Portanto, este é o drama de cada vida humana, enquanto o amor nasce nesse mundo e depois é crucificado pelo medo. Mas a história não para aí. A ressurreição, como a crucificação, é uma verdade metafísica: é a resposta de Deus ao ego, ou o triunfo último do amor. Tudo o que sempre acontece, em qualquer situação, é que o amor aparece, é crucificado e, finalmente, jogado fora.”

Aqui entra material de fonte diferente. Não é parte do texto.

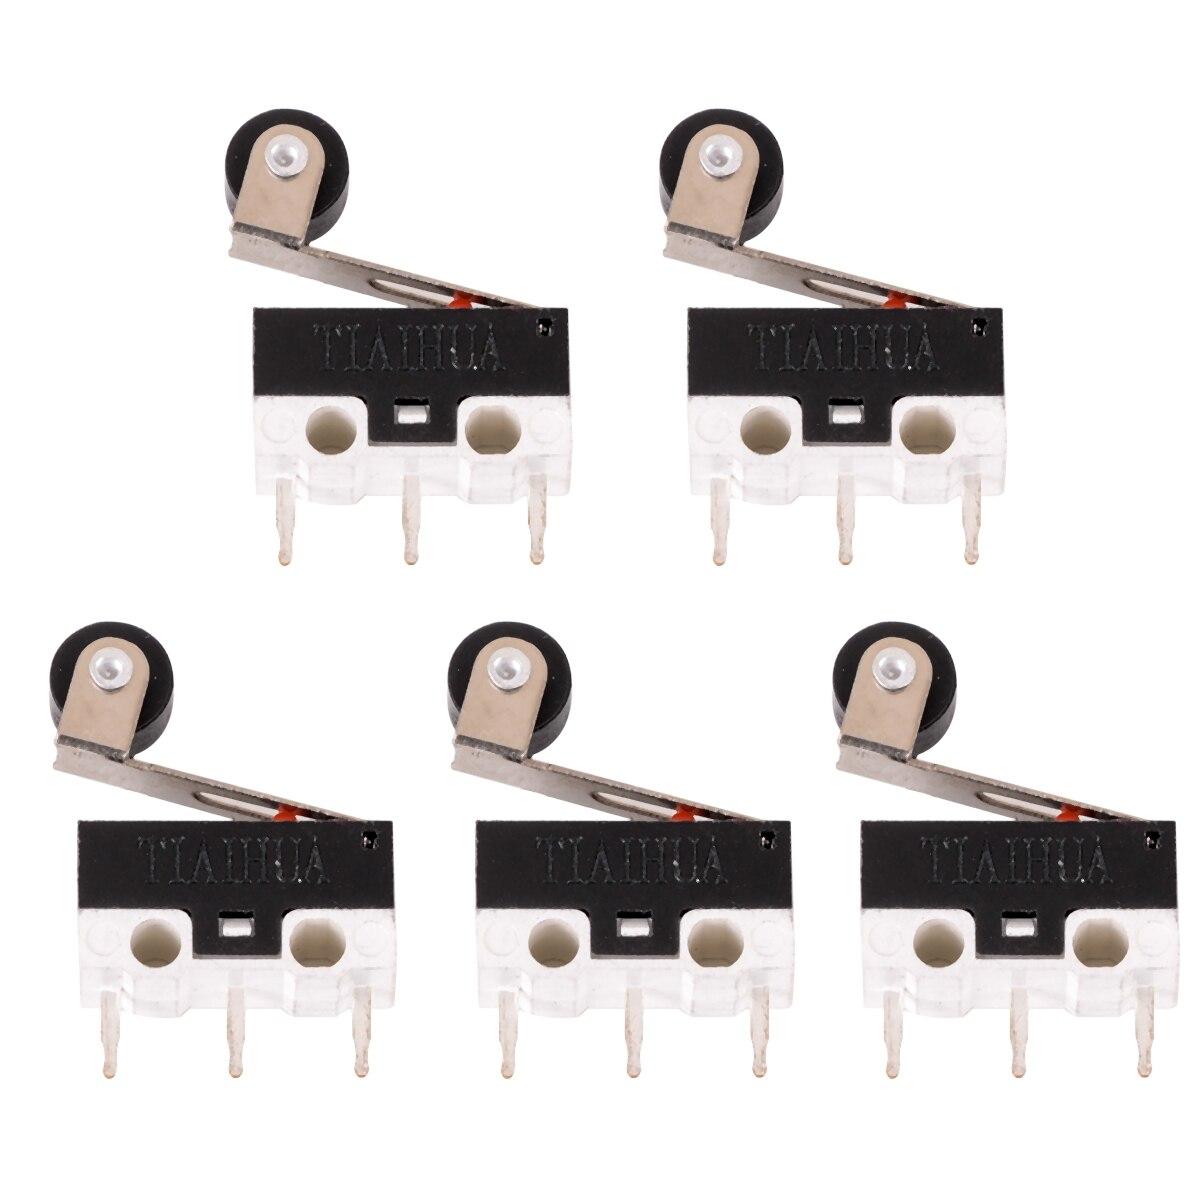 5 uds Micro interruptor Mini Interruptor de Límite Micro palanca con rodillo de bisagra brazo microinterruptor SPDT Sub miniatura 6,5mm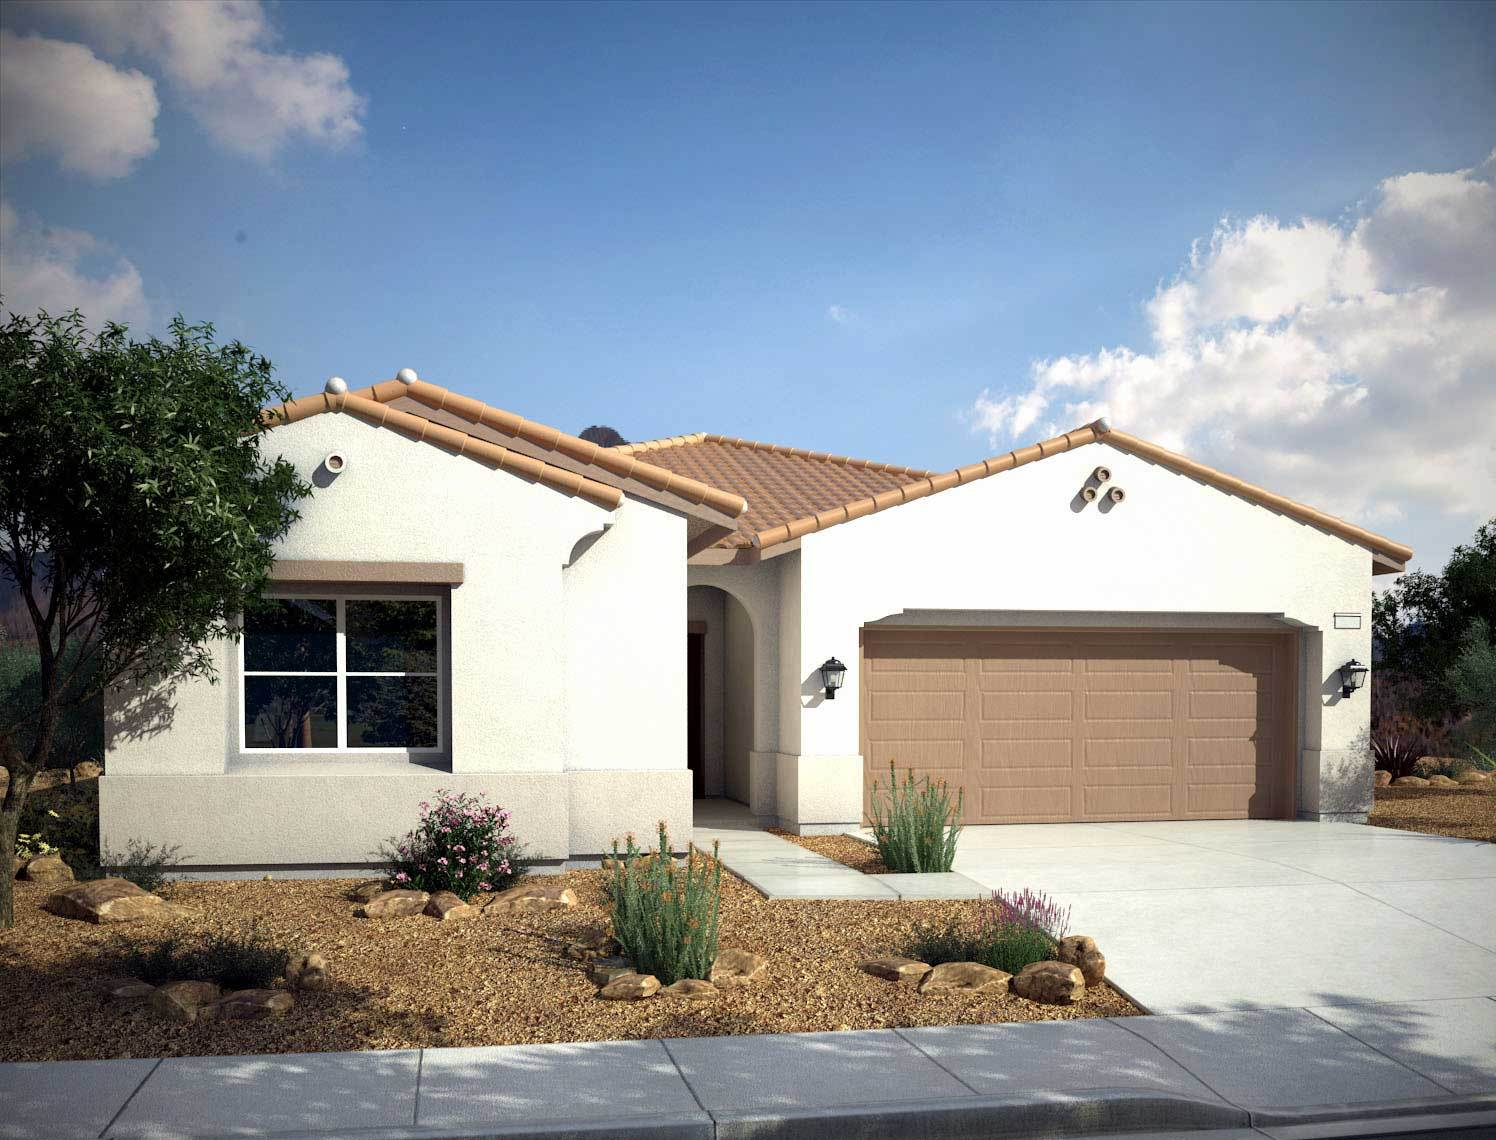 Single Family for Sale at Mountain Falls - Plan 3 - Series I - Villa Serena 5413 East Volterra Pahrump, Nevada 89061 United States

Alongando mais as explicações, acho pertinente incluir outros trechos: "Essa é a tragédia da história humana. Existe uma força negra, não fora de nós, mas aqui dentro, sempre trabalhando para destruir o amor que Deus cria. Essa força, ou ego, é mantida no lugar por nossa crença de que somos separados de Deus e uns dos outros; ela se expressa constantemente através do julgamento e da culpa. É cada palavra grosseira, ataque, pensamento, ou ação violenta. Algumas vezes, ela sussurra, como em vislumbre malvado; outras vezes ela grita, como no genocídio de uma pessoa. Mas ela está sempre ativa, enquanto tiver medo como combustível. E hoje, ela está de olho no maior prêmio de todos – a perspectiva da aniquilação global.
"A crucificação toma muitas formas: material, mental, emocional, e espiritual. Mentalmente, ela é uma doença progressiva trabalhando dentro das nossas mentes. Ela algumas vezes é chamada de segunda força, o anti-Cristo. Ela é o elemento destrutivo, contra a vida, na experiência humana.
"A ressurreição é a resposta de Deus para a crucificação; é Seu ato de elevar nossas consciências ao ponto onde os efeitos do medo são cancelados. Nossa santidade – o amor de Deus dentro de nós – é a única maneira pela qual a humanidade já transcendeu a escuridão, e sempre será.
"Não há nada mais lindo do que o manto do sobrevivente. Não há nada mais iluminado do que o corpo ressuscitado; a nova personalidade que emerge quando a velha foi deixada de lado."
Após essas lições, todas relembradas no silêncio santo da igreja, “religado” à minha essência levantei-me e caminhei para levar ao turbulento mundo, que rugia sua fúria através da balburdia cotidiana, o amor que renascia em meu peito.